The applicant was a Mauritian citizen who came to Ireland in July 2006 on an student permission. This permission was renewed from time to time until June 2012. In October 2012 she applied for a change of status to regularise her position in the State, which would effectively allow her continue to reside in Ireland without the requirement that she be a student. This application was based in part on the length of time the applicant had lived in Ireland and the private life rights she had acquired during that time. Her application was refused by the Minister in November 2012. The Minister’s decision did not evaluate the applicant’s claims in relation to private life, saying such rights would only be considered in the context of the deportation process. The applicant challenged the Minister’s decision by way of judicial review.
By order of the High Court (McDermott J.) of 14 February 2013, the applicants were granted leave to apply for an order of certiorari of the respondent’s decision of 5 November 2014. The applicants contended that the decision was unlawful by reason of the failure to have any regard to the personal and/or family and/or private rights of the applicants pursuant to Art.40.3 and/or 41 of the Constitution and/or art.8 of the European Convention on Human Rights. The respondent argued that it was not obliged to consider art.8 rights and/or personal and/or private and/or family rights either under the European Convention on Human Rights and/or the Constitution of Ireland at this stage in the process. It was submitted that these were matters to be taken into consideration at the stage of expulsion from the State.
The High Court (Barr J.) in a written judgment of the 20 March 2015 ( IEHC 227) granted the applicants the reliefs sought.
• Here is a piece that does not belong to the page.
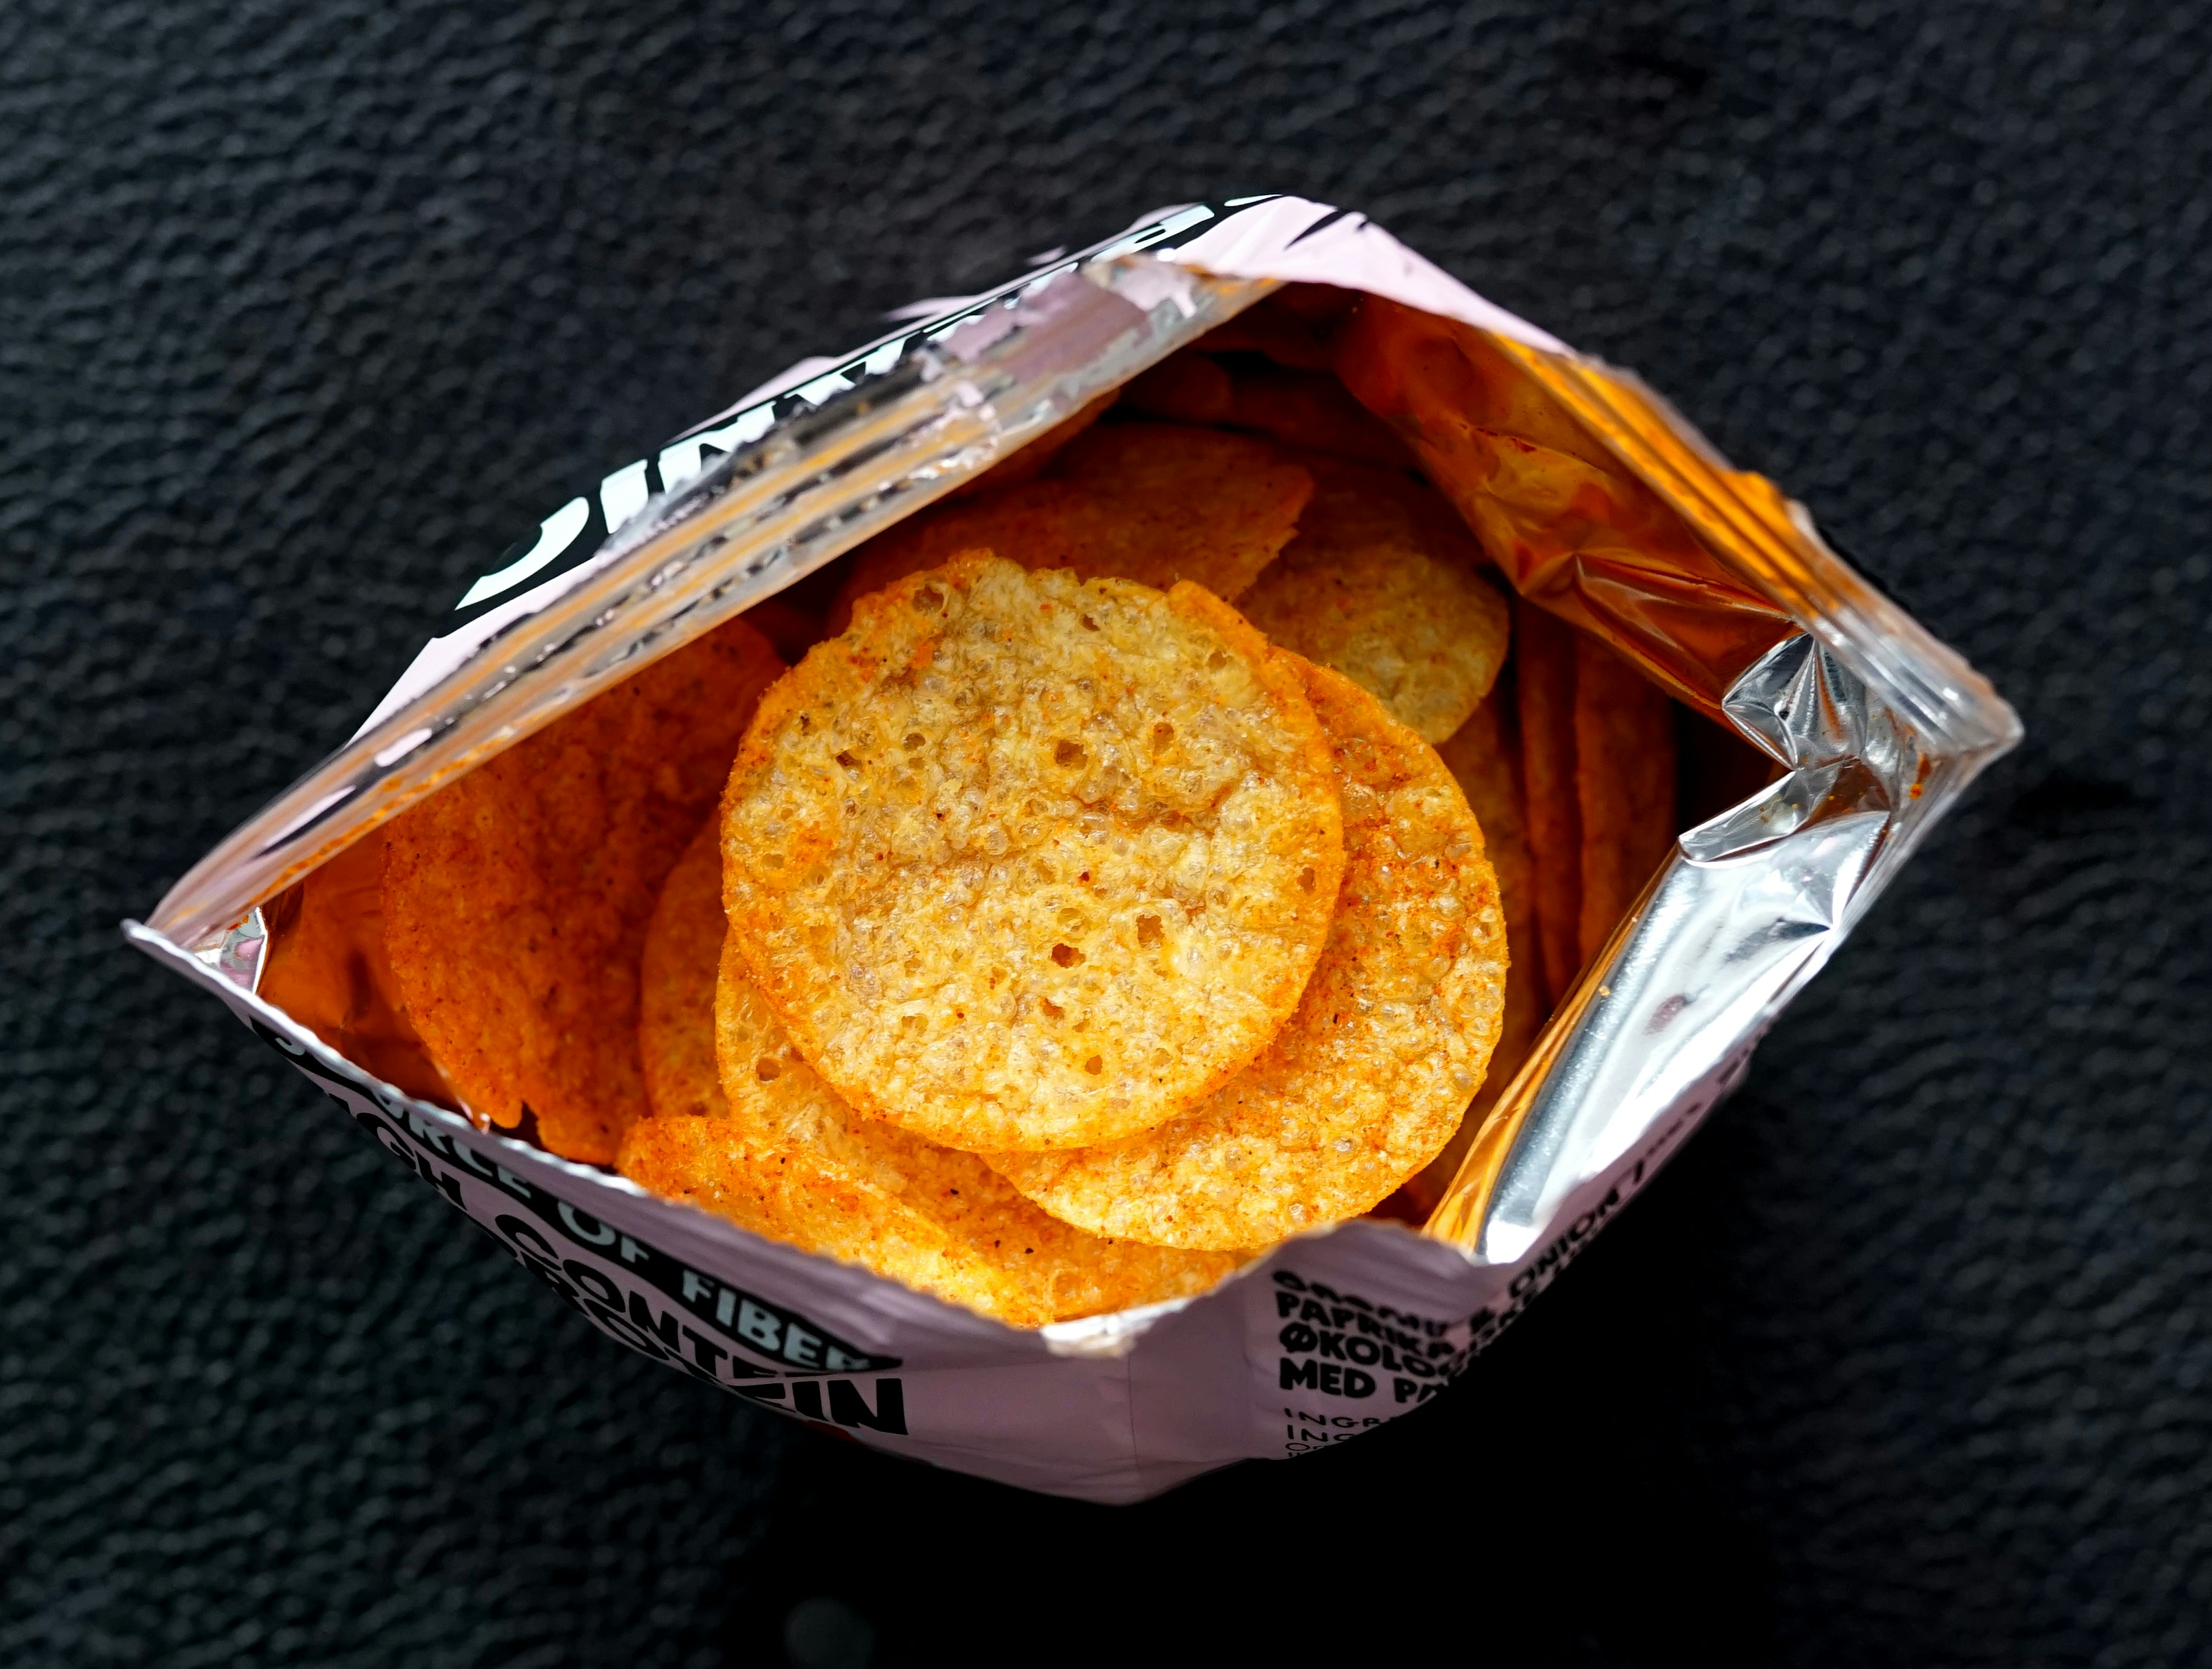 Un Chips. | Photo : Unsplash

The High Court (Barr J.) certified that the decision involved the following points of law of exceptional public importance in relation to which it was desirable in the public interest that an appeal be taken:
- Is the appellant obliged to consider rights alleged to arise under the Constitution/European Convention on Human Rights Act 2003 in applications made under s.4(7) of the Immigration Act 2004, by or on behalf of persons whose permission to be in the State has expired where such rights must be considered by the appellant where the appellant is considering whether or not to make a deportation order in respect of the person concerned in the deportation process under s.3 of the Immigration Act 1999?
- Is there an obligation imposed in law on the appellant to publish any criteria applicable under s.4(7) to a person in the first applicant’s position i.e. a timed-out non-EEA student without any current resident permission at the time of application who seeks permission to change their immigration status?
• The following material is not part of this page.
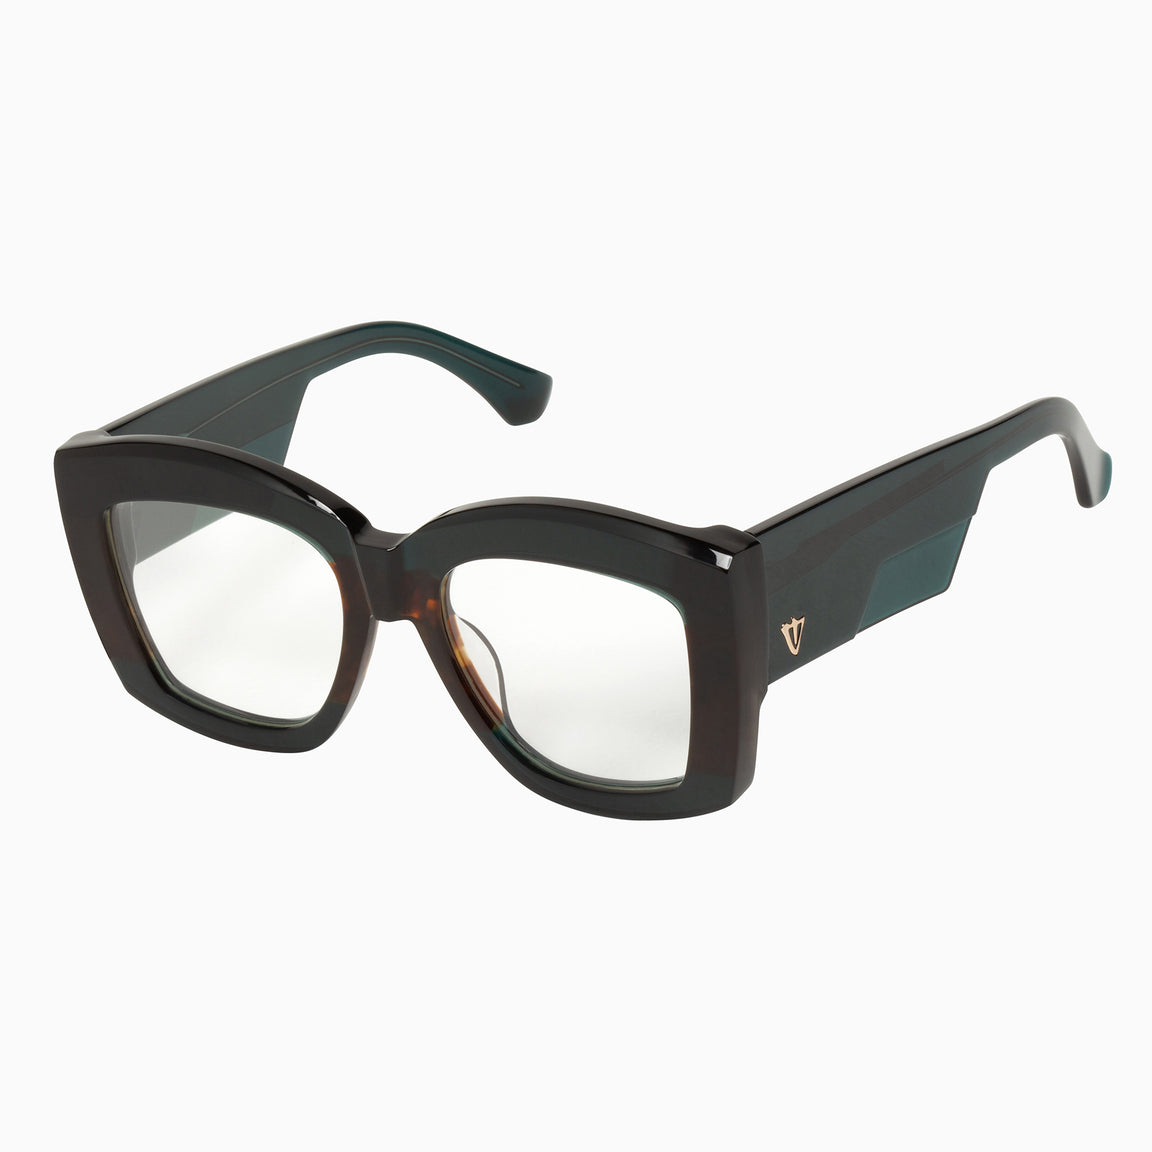 Shop Square Frame Glasses Online | Valley Eyewear USA

The Court of Appeal dismissed the appeal, holding that a decision on an application for variation of immigration status could have the consequence that a non-national was then unlawfully present in the State and had the potential to be an interference with that individual’s right to respect for private and family life such that it was capable of engaging art.8 of the European Convention on Human Rights. For this reason, in considering such an application, the court held that the Minister was obliged to consider any rights of the applicant alleged to be protected by the Constitution or art.8 of the Convention prior to making a decision to refuse to renew the permission.
The Court of Appeal held that it was only if interference with an applicant’s right to respect for private or family life had consequences of such gravity as potentially to engage the operation of art.8 of the Convention that the proposed action must be justified in accordance with art.8(2). This was a matter for determination by the Minister subject only to judicial review by the courts.